The Tail Region of CRY-1 Interacts with HIF-1α

To find out which domain within CRY1 interacts with HIF-1α, we expressed Myc-tagged HIF1α along with different HA-tagged CRY1 protein variants in HEK293 cells (Figure 5A) and analyzed their interaction by coimmunoprecipitation experiments. Full-length CRY1 interacted with HIF-1α, but this interaction was lost when CRY1 proteins lacking either the CC and tail region or only the tail region were employed in the assays (Figure 5B). Thus, these data indicate that the tail region of CRY1 is necessary for the interaction of CRY1 with HIF-1α.

Figure 5.

Figure 5

The Tail Domain of CRY1 Is Responsible for Interaction with HIF-1α

(A) Schematic representation of the HA-tagged CRY1 protein variants.

(B) HEK293 cells were transfected with myc-tagged HIF-1α together with HA-tagged full-length CRY1 or its mutants, cell extracts were prepared and immunoprecipitated with an anti-myc-tag antibody, and precipitates were analyzed by immunoblot with an anti-HA-tag antibody. As a control the expression levels of the CRY1 protein variants as well as myc-tagged HIF-1α were verified in whole-cell extracts (Input). IP, immunoprecipitation; IB, immunoblotting.

CRY1 Interacts with the bHLH Domain of HIF-1α

To map the exact HIF-1α domain that interacts with CRY1, we designed several Myc-tagged HIF-1α deletion mutants comprising one or several domains (Figure 6A) and performed coimmunoprecipitation experiments in HA-CRY1 expressing HEK293 cells. When full-length HIF-1α or its deletion variants were pulled down with anti-Myc-tag antibodies we found that HA-CRY1 coprecipitated full-length HIF-1α and all deletion variants except the HIF-1α mutant lacking the bHLH domain (Figure 6B). Together, these results indicate that CRY1 interacts with the bHLH domain of HIF-1α.

Figure 6.

Figure 6

The bHLH Domain of HIF-1α Is Responsible for Interaction with CRY1

(A) Schematic representation of the myc-tagged HIF-1α protein variants.

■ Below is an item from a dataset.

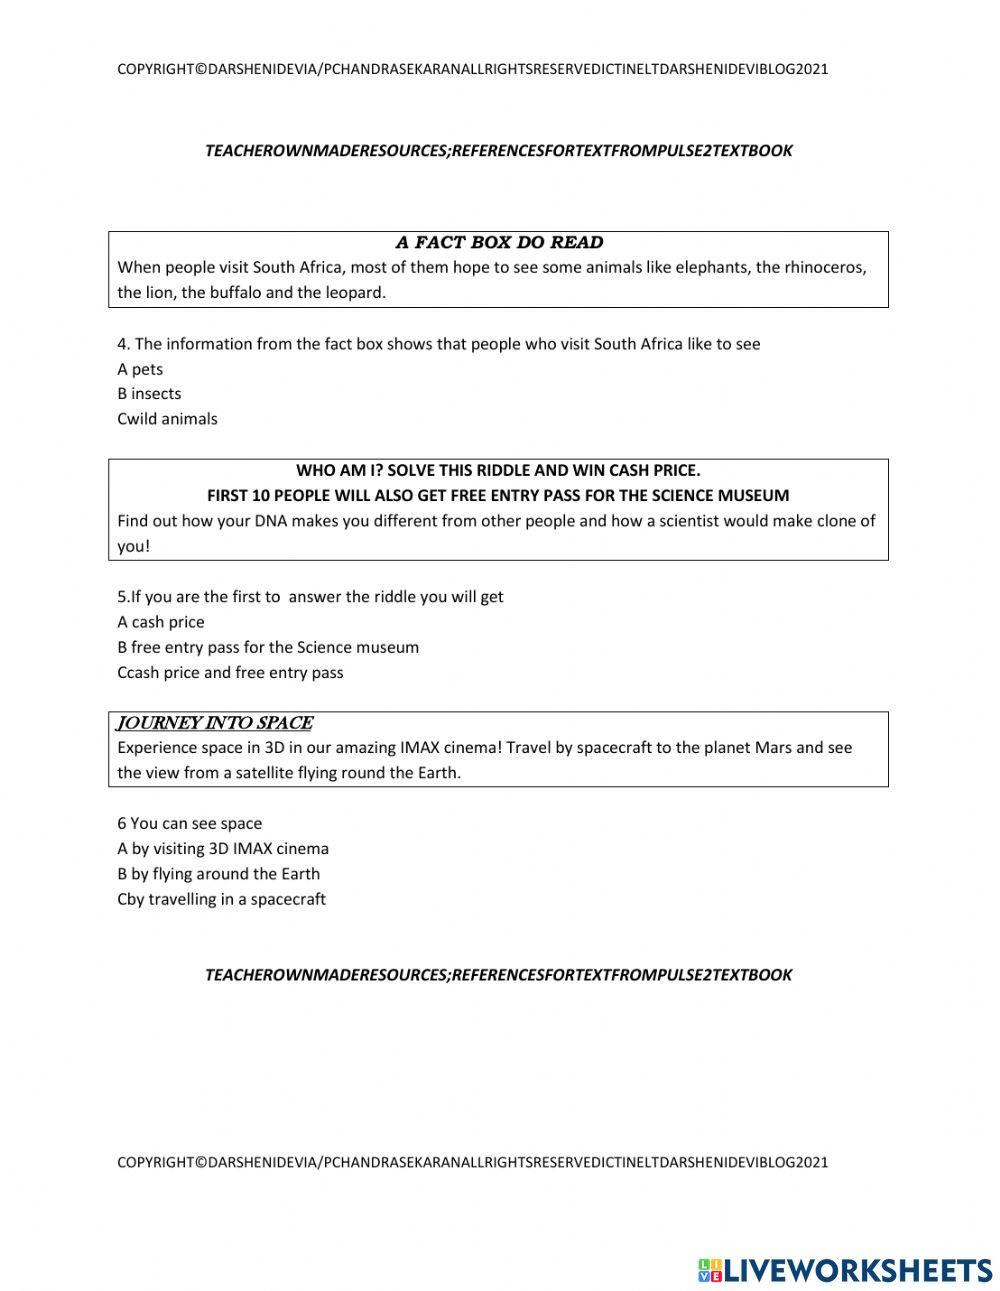 Pt3 short text mcq worksheets 2 sets 16 questions

(B) Coimmunoprecipitation experiments were performed with total proteins from HEK293 cells expressing HA-tagged CRY1 and myc-tagged full-length HIF-1α or its deletion variants. Anti-myc-tag antibody (IP, immunoprecipitation)-precipitated proteins were analyzed by immunoblot (IB, immunoblotting) using an anti-HA-tag antibody. As a control the expression levels of HIF-1α, its deletion variants, as well as the HA-tagged CRY1 proteins were verified in whole-cell extracts (Input).

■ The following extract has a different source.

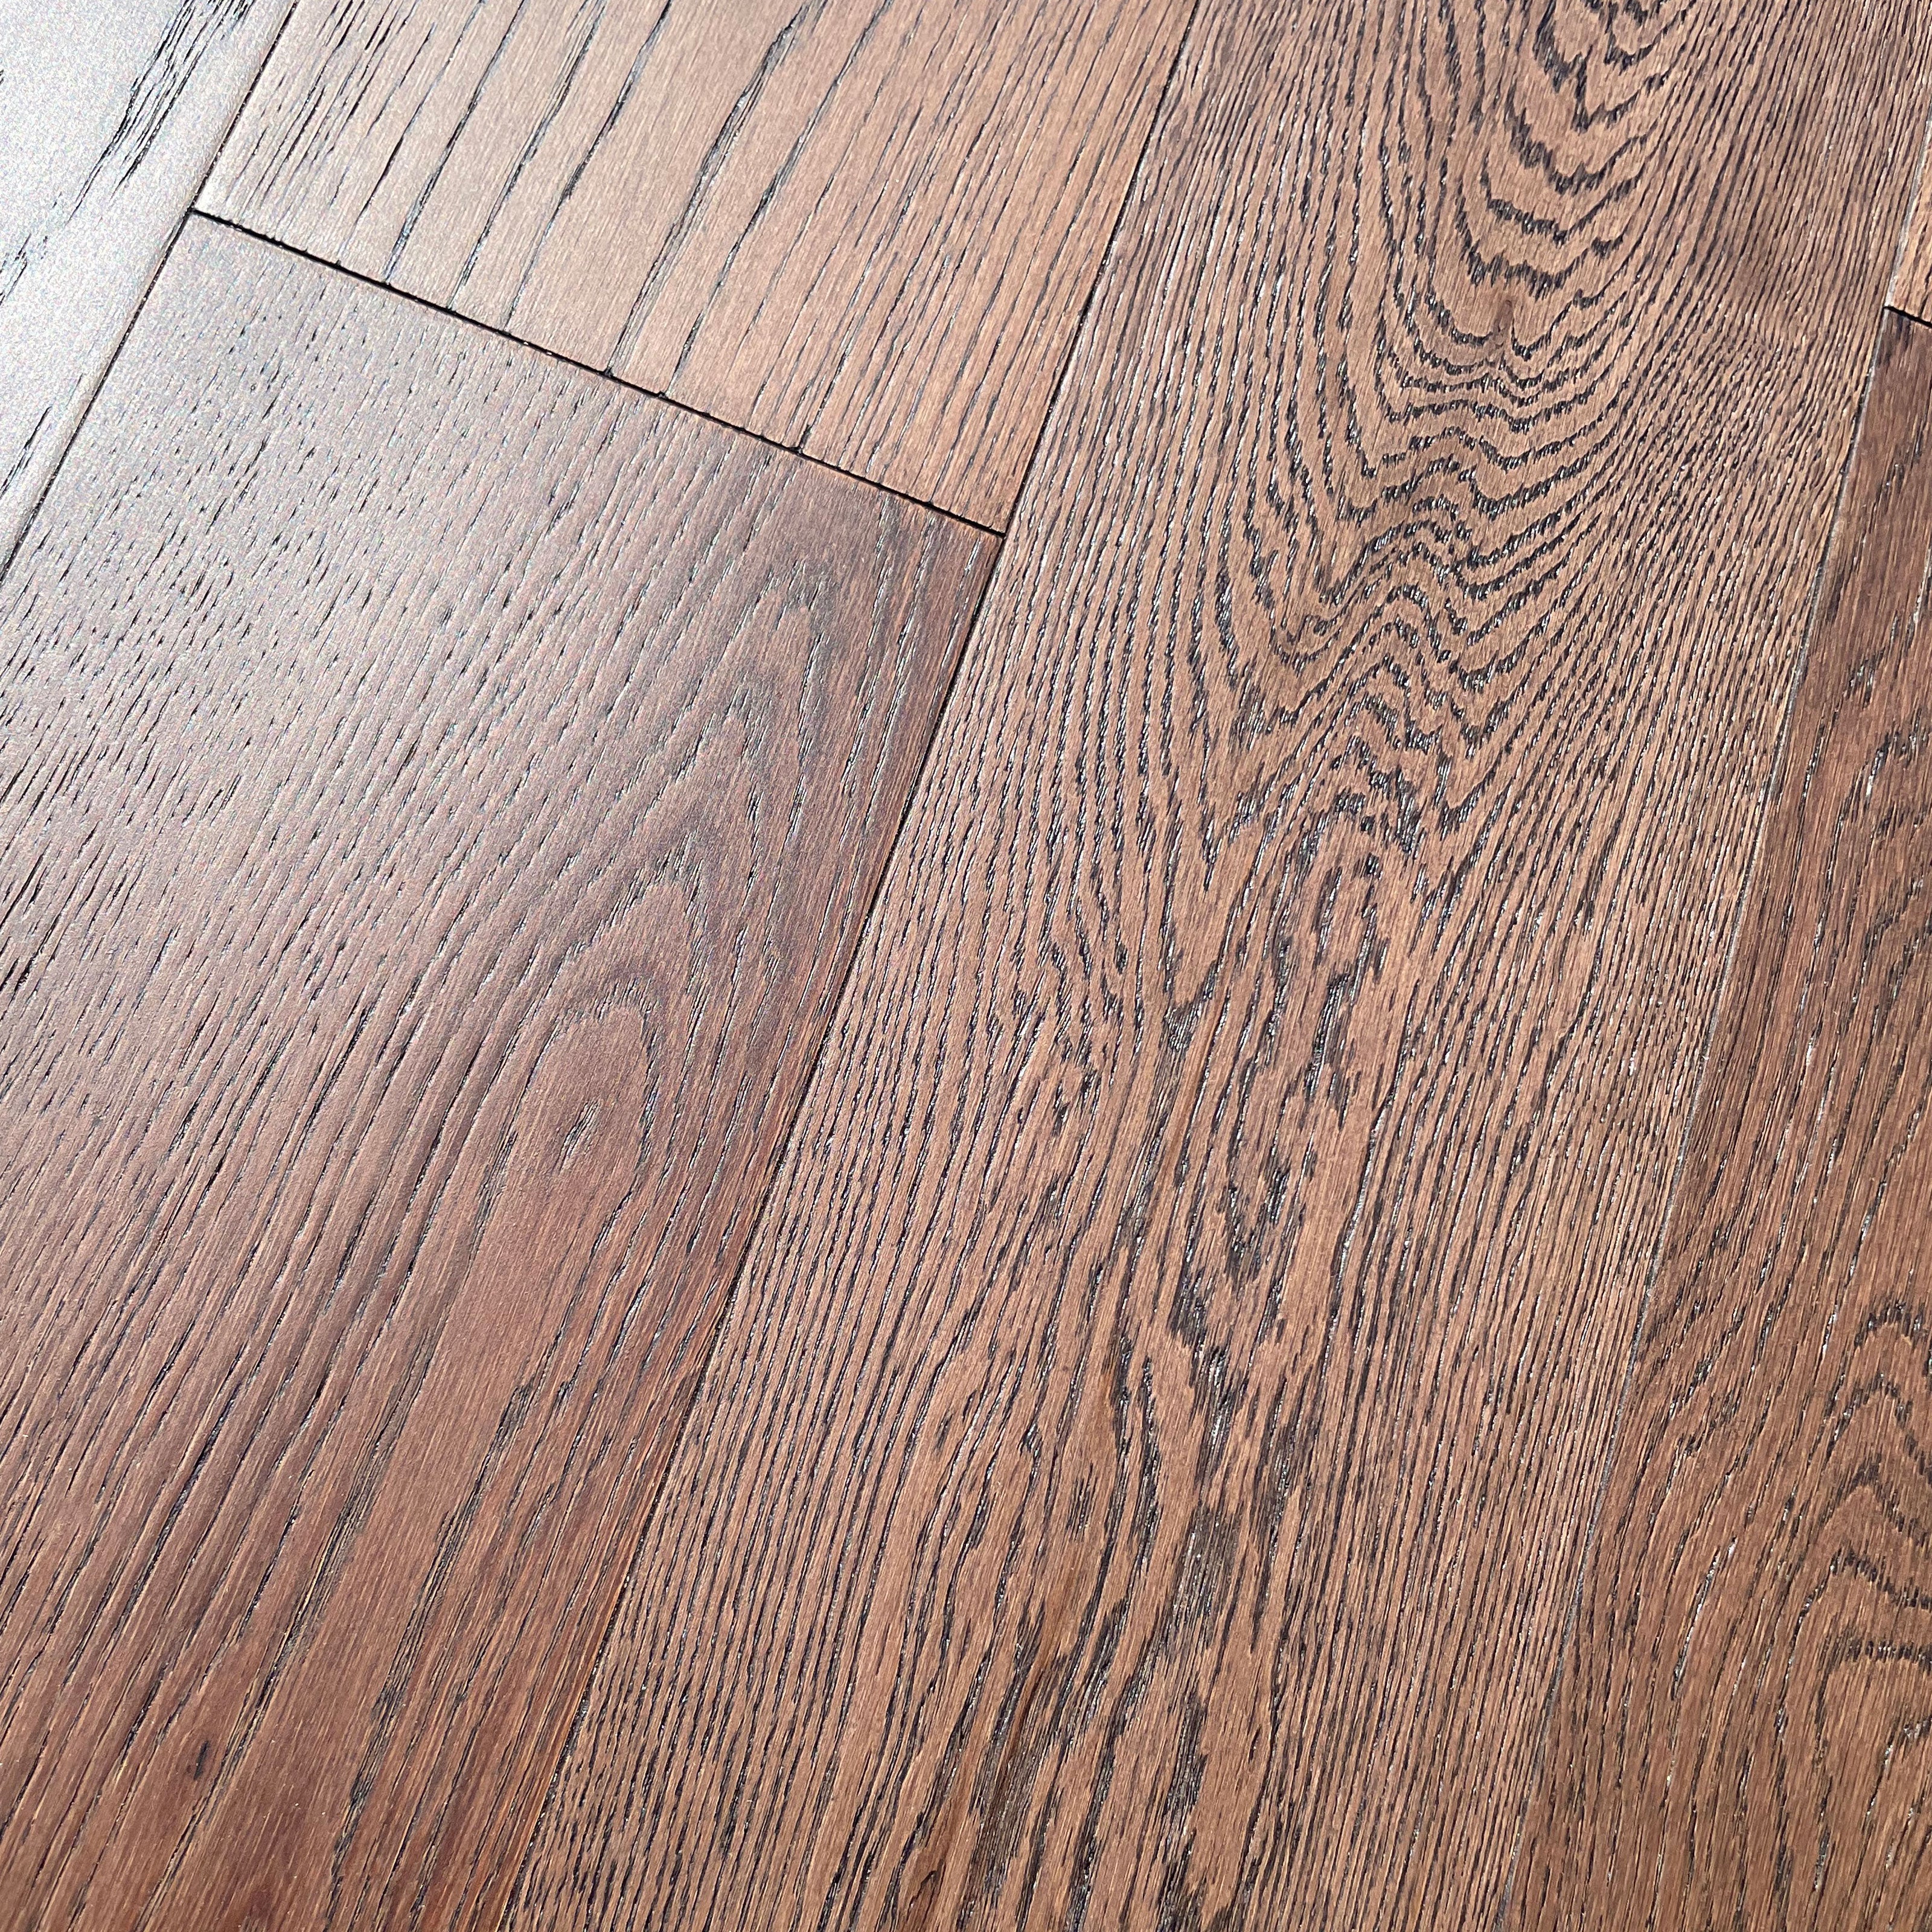 Pavimento in legno di rovere prefinito verniciato spazz. 10x125x900 linea PLANET mod. CAVES - Eternal Parquet

CRY1 Inhibits Binding of HIF-1α to Its Target Gene Promoters

As CRY1 interacts with the HIF-1α bHLH domain, which primarily facilitates binding to DNA at target gene promoters, we next analyzed how CRY1 would affect hypoxia and HIF-dependent gene expression. First, we performed a series of functional reporter gene assays in HepG2 cells. Upon cotransfection of these cells with the hypoxia- and HIF-responsive wild-type (WT) human PAI-1 promoter Luc construct (pGL3-hPAI-806/+19) and an expression vector for CRY1 we found that the hypoxia-mediated increase in Luc activity was reduced in the presence of CRY1. This effect was mediated via the hypoxia responsive element (HRE) within the PAI-1 promoter because a construct with a mutated element (pGL3-hPAI-HREm) did not display this effect on Luc activity (Figure 7A). Vice versa, when we employed MEFs deficient for either CRY1 (ΔCRY1) or CRY2 (ΔCRY2) to measure PAI-1 expression, we found that deficiency of CRY1, but not CRY2, enhanced PAI-1 levels already under normoxia to almost the same levels as under hypoxia (Figures S3A and S3C). Reintroduction of CRY1 (Figures S3D and S3E) rescued the hypoxia-dependent PAI-1 expression indicating that these effects are largely CRY1 specific. In line with the interaction assays, these rescue effects were dependent on the tail region of CRY1 since only full-length CRY1, but not CRY1-Δtail, rescued the hypoxia-dependent induction of PAI-1 (Figures S3D and S3E). Thus, CRY1 appears to function as inhibitor of the hypoxia-dependent PAI-1 gene expression.

Figure 7.

Figure 7

CRY1 Inhibits Binding of HIF-1α to Its Target Gene Promoters

(A and B) Cells were cotransfected with an expression vector for CRY1 along with either (A) the wild-type human PAI-1 promoter Luc construct (pGL3-hPAI-806/+19) or a PAI-1 promoter with a mutated hypoxia-responsive element (HRE) (pGL3-hPAI-HREm) as well as with (B) Luc reporter gene constructs containing three HIF-binding HREs (pGL3-HRE) or three mutated HREs (pGL3-HREm) in front of the SV40 promoter and cultured under normoxia (16% O2) and hypoxia (5% O2) for 24 h. The Luc activity of pGL3-hPAI-806/+19-, pGL3-hPAI-HREm-, pGL3-HRE-, or pGL3-HREm-transfected cells at 16% O2 was set to 1. Values are means ± SEM of at least three independent culture experiments, each performed in duplicate. Statistics, Student's t test for paired values: *significant difference, p ≤ 0.05.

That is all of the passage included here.